SQLTeam.com | Weblogs | Forums

Merge Fun

Im looking for confirmation I think mostly. Im trying to prototype a Merge of data from a Temp staging table to our final table. This data could change a couple of times a day. We do this today in varying ways, 1 we delete the dataset on target completely and re-insert. This is quick, but terrible for replication performance. 2. We use the binary_checksum feature to check for updated records and Update, Insert or delete as necessary. This is great for replication, but terrible performance and Binary_checksum is greatly flawed.

I am vetting out a change to MERGE, which appears to allow me to check each and every column instead of a checksum value. My preliminary tests are very fast as well. However, I have not solidified my ON criteria correctly I think because I get more records with the second import than I should have (which I think means Im getting more inserts than I should have). I know this example is missing the table, etc... Im mostly looking if someone see's what I am missing in general.

MERGE FinalTender With (HOLDLOCK) AS TARGET
Using Select (all columns) from TempTender Group by (all columns)

------ HERE on the ON is where I think I get confused I have tried listing all columns or only a select number, but Im still not getting the right results. Close, but not right.
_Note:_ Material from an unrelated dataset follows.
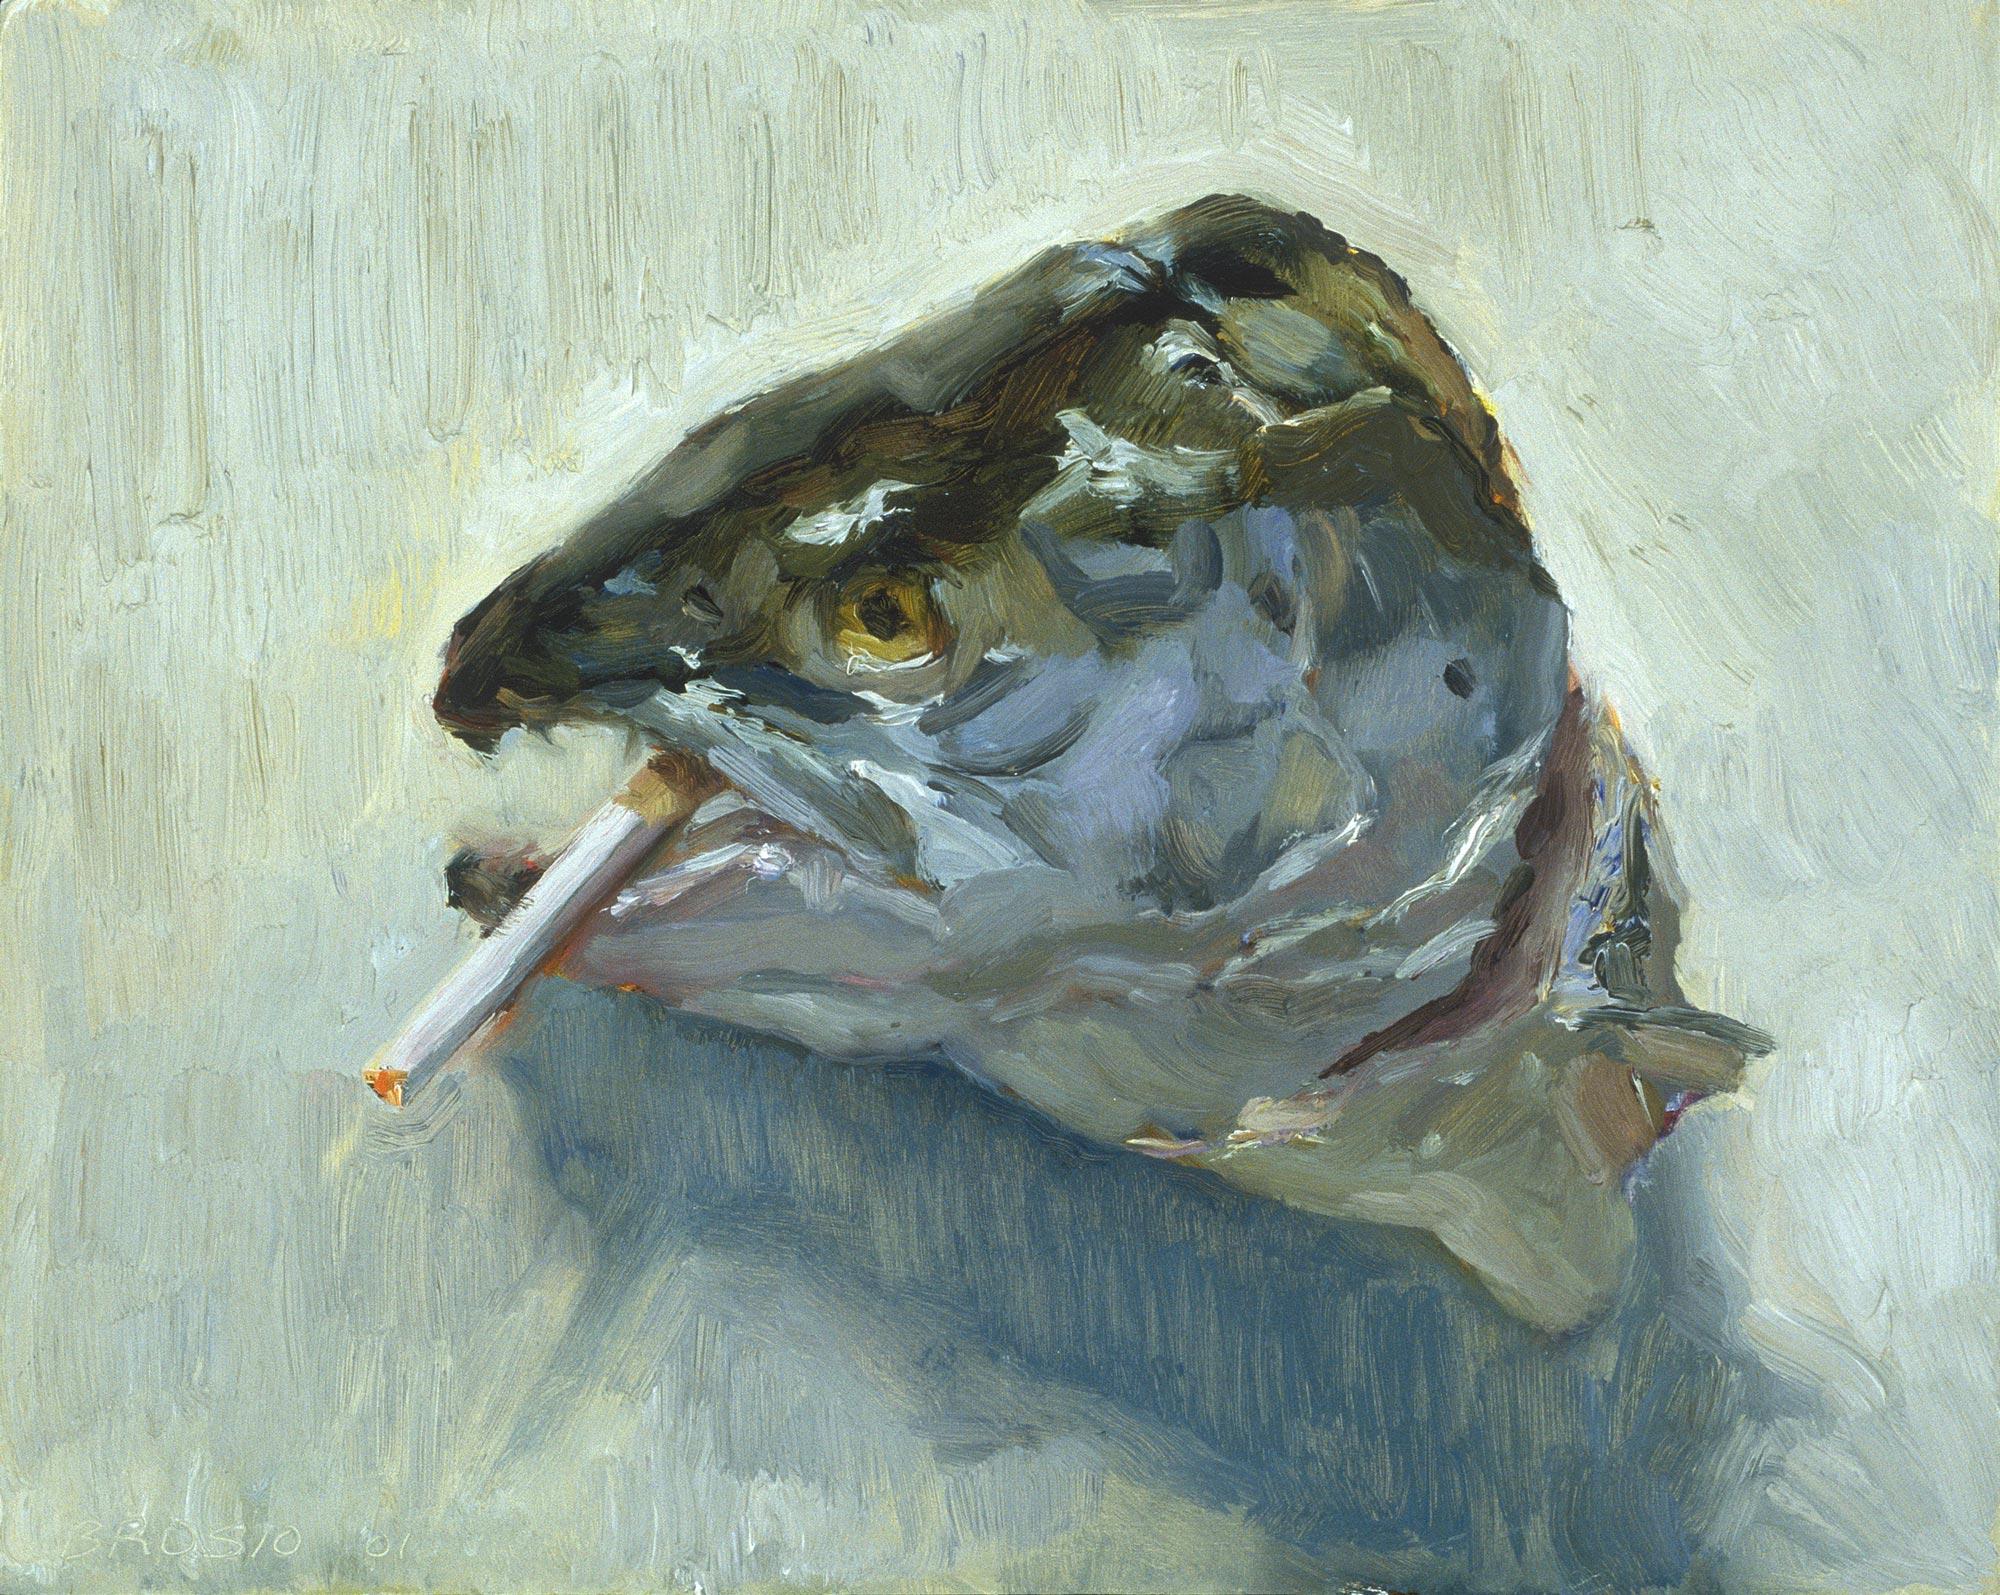 Smoking Salmon 2, 12 x 15, oil on board, 2001

ON (Target.DOB = Source.DOB
Target.EmpID = Source.EmpID
Target.CheckID = Source.CheckID
Target.StoreID = Source.StoreID
Target.TenderType = Source.TenderType

WHEN MATCHED
----- HERE on the matches, I could update all remaining fields, but the fact is, a tendered check could have more than one tender amount, maybe even two Visa payments of different or same amounts payment type, etc, so that ON list above is not enough. The data can be so varied
------- If I list all columns instead of just a few, I think I would need to Delete from Source then because there is nothing to update as all data matches. Sounds logical to me except I dont understand when an UPDATE occurs.

WHEN NOT MATCHED ON TARGET:
------- This must be a new tender record from source, so I want to Insert into Target. No confusion here

The ON clause should contain your primary key (or whatever deems a row unique). If you are getting more records, then you are probably missing a column or 2. One thing to be careful of with merge, is it will fail if it tries to update more than 1 row.

Just a clarification - it isn't a problem for MERGE to update multiple rows, the problem is when MERGE attempts to update the same row more than once. This can be caused when the source data contains duplicates - or when the match clauses identify the same row with different criteria.

In this case - the ON clause needs to uniquely identify the row in the target. The MATCH portion can then do something like:

WHEN MATCHED
AND (
tgt.othercol1 <> src.othercol1
OR tgt.othercol2 <> src.othercol2
)
THEN UPDATE

WHEN NOT MATCHED
THEN
INSERT

WHEN NOT MATCH BY SOURCE
AND ( additional criteria if needed)
DELETE